_GIVEN INFORMATION_

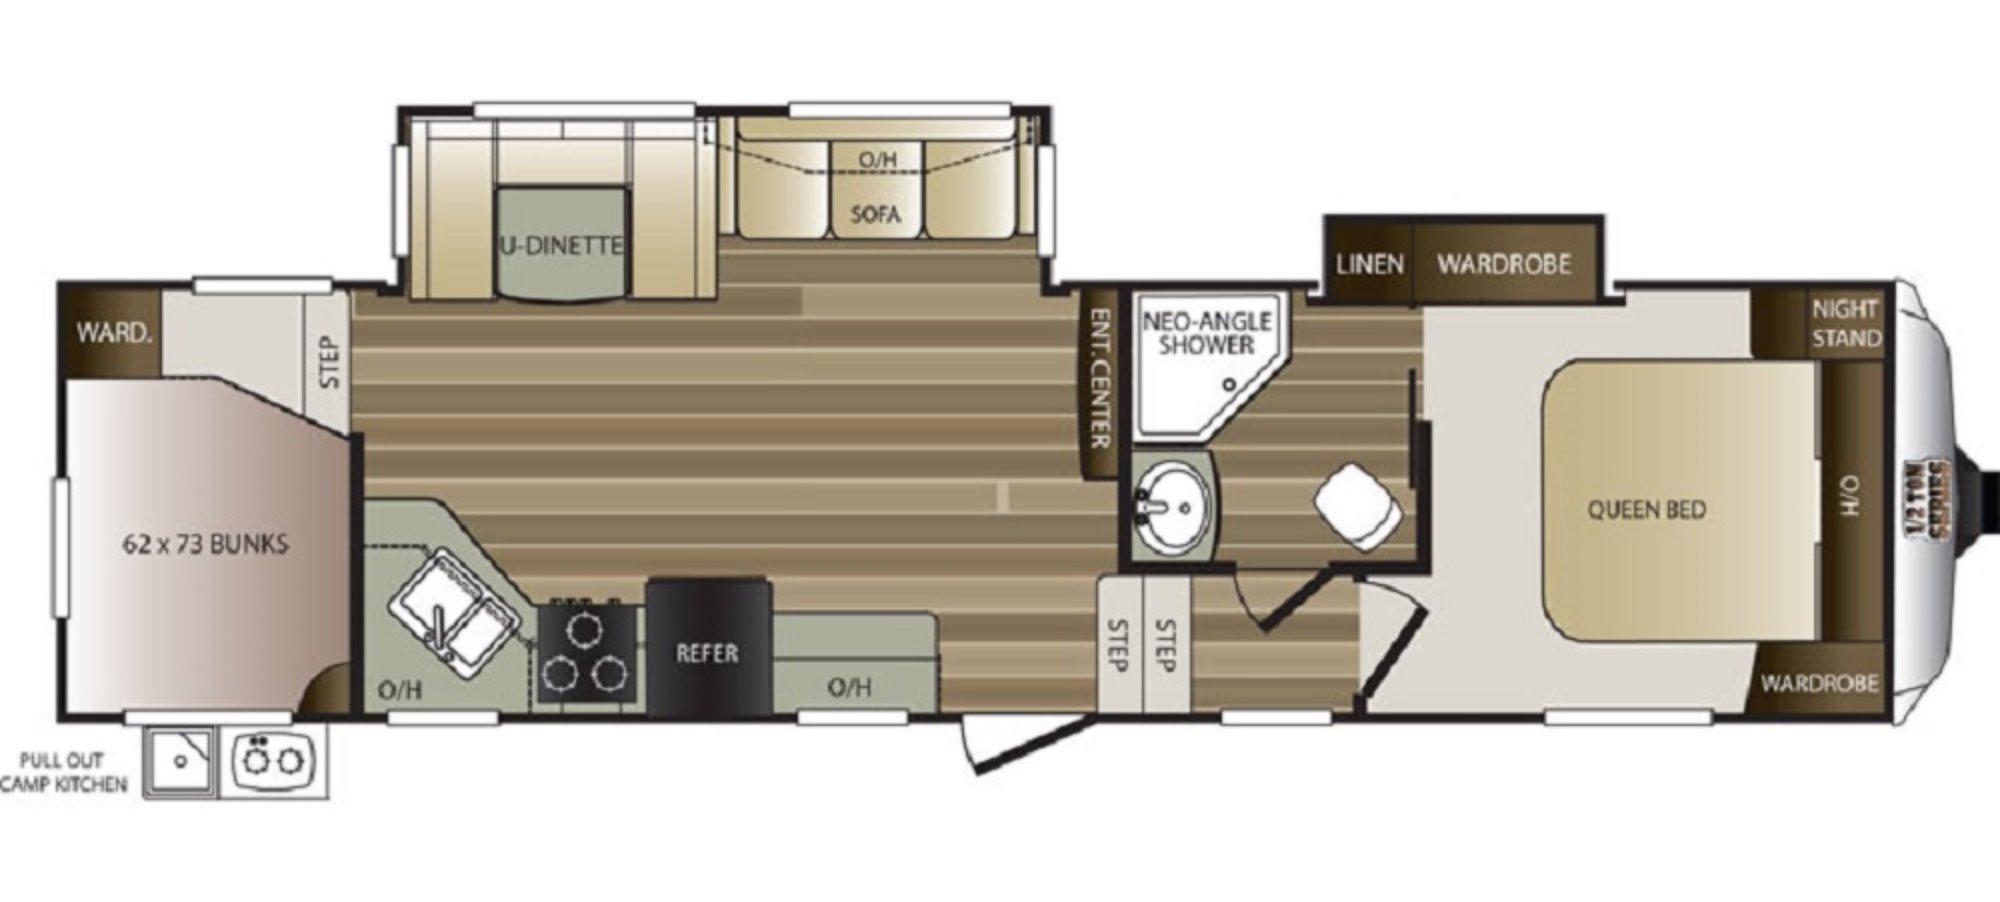 2017 Keystone Cougar 284rdbwe 1336535 on Keystone Bunkhouse Floor Plans
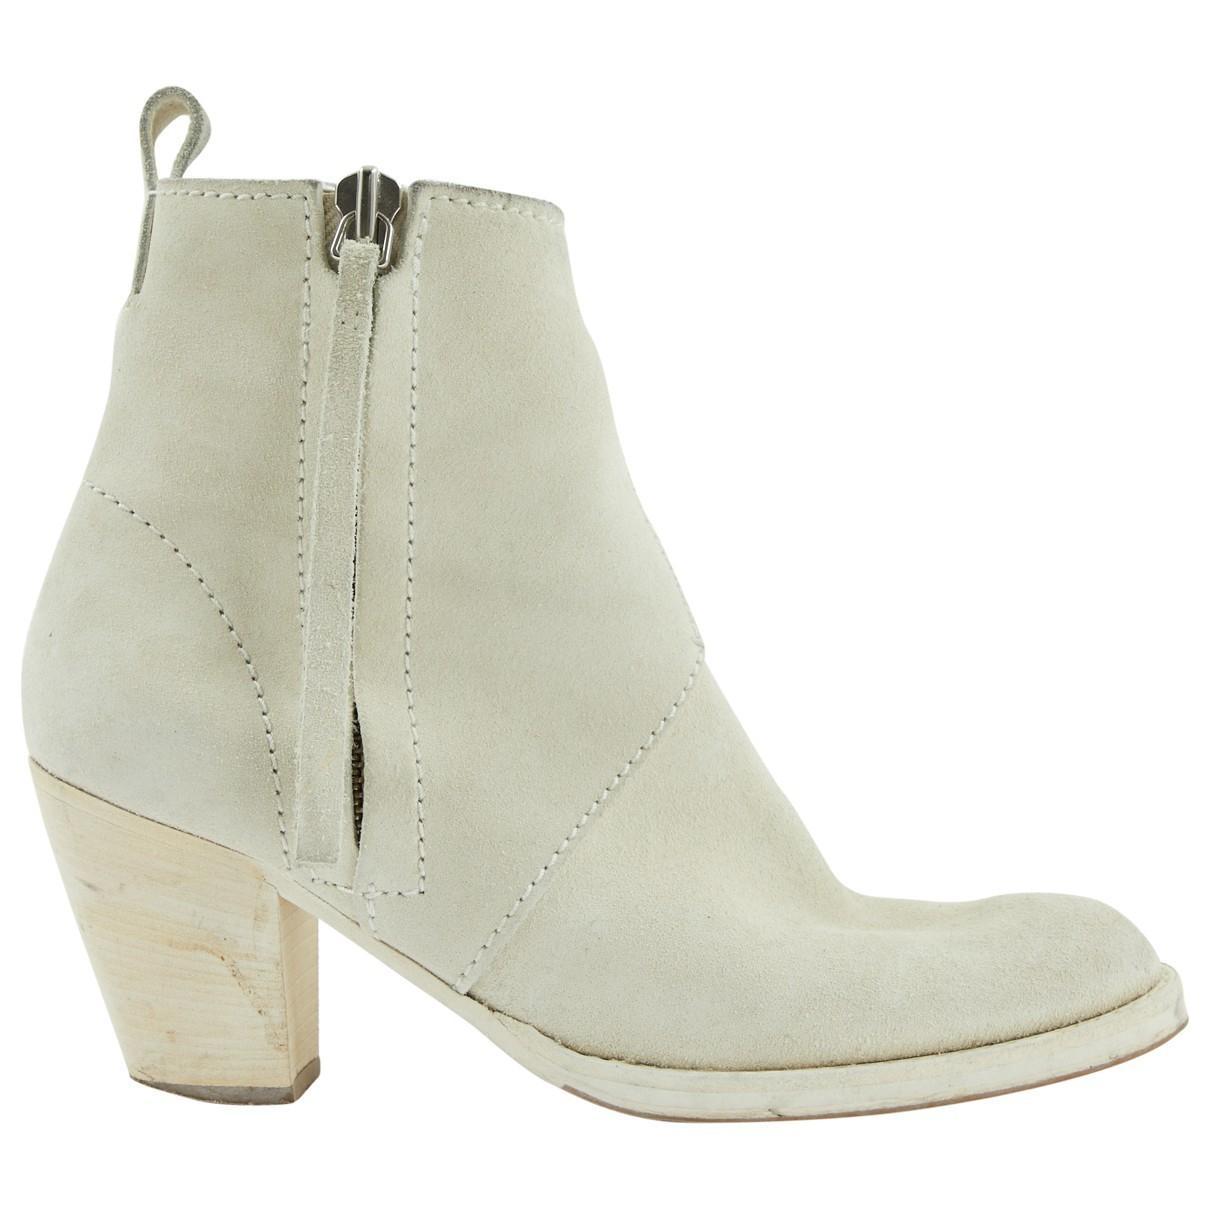 e69f1b38e85a Lyst - Acne Studios Pistol White Suede Ankle Boots in White
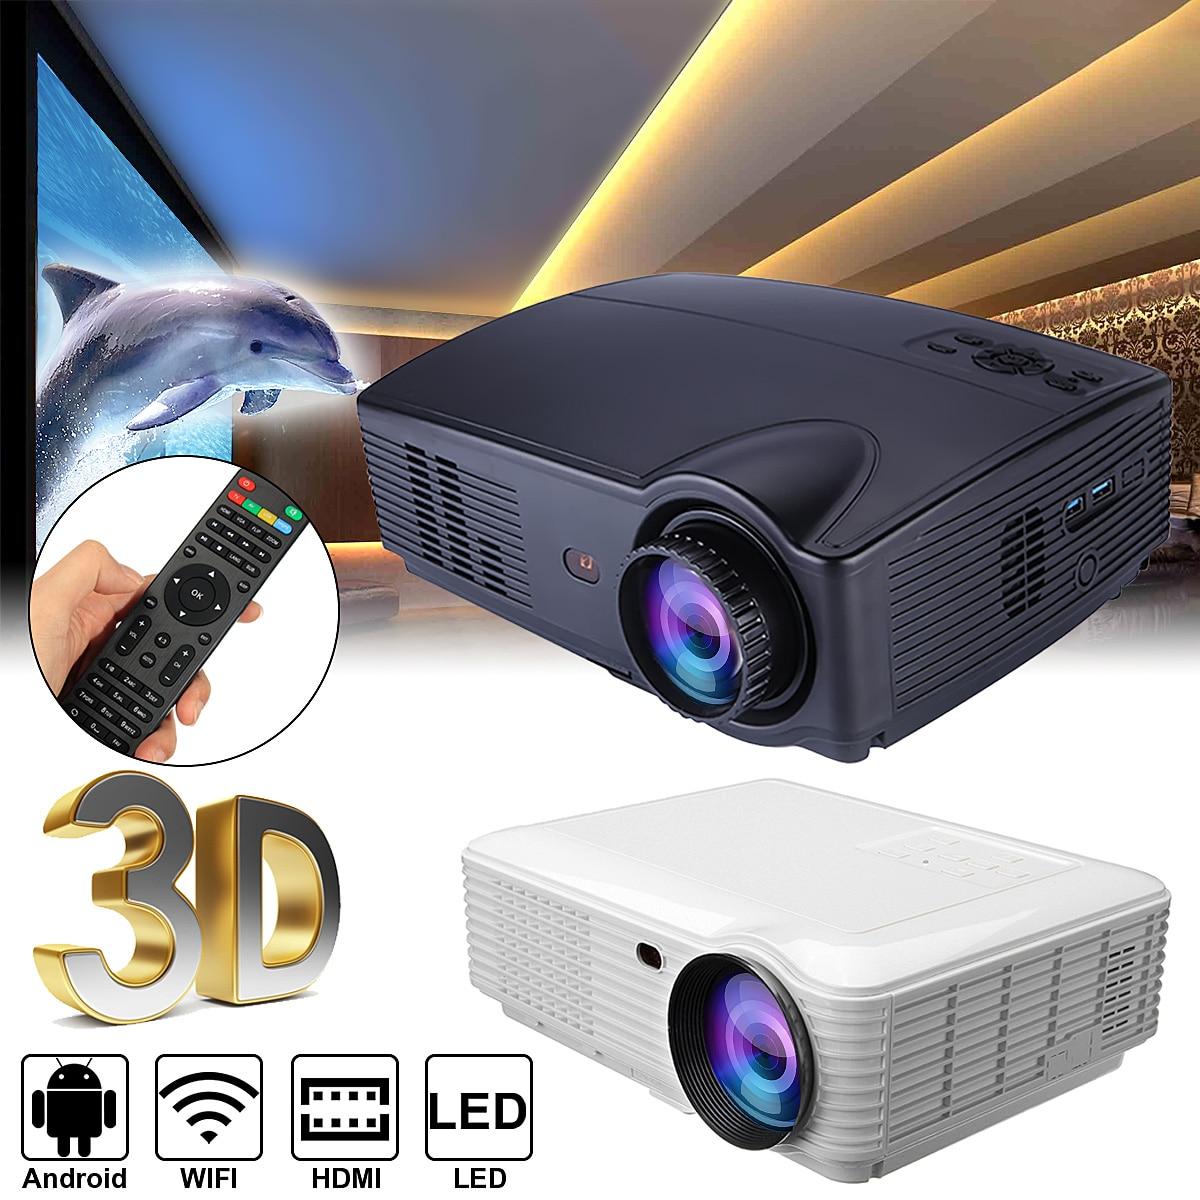 SV 328 Wi Fi версия 4600 люмен ЖК дисплей Технология смарт проектор Цифровой Проектор для домашнего кинотеатра Поддержка аудио/видео ТВ

_EXERCISE BRIEF_
Leave out the pictures and reproduce the rest of the listing exactly.

_TASK SOLUTION_
 2017 Keystone Cougar 284rdbwe 1336535 on Keystone Bunkhouse Floor Plans
 e69f1b38e85a Lyst - Acne Studios Pistol White Suede Ankle Boots in White
 SV 328 Wi Fi версия 4600 люмен ЖК дисплей Технология смарт проектор Цифровой Проектор для домашнего кинотеатра Поддержка аудио/видео ТВ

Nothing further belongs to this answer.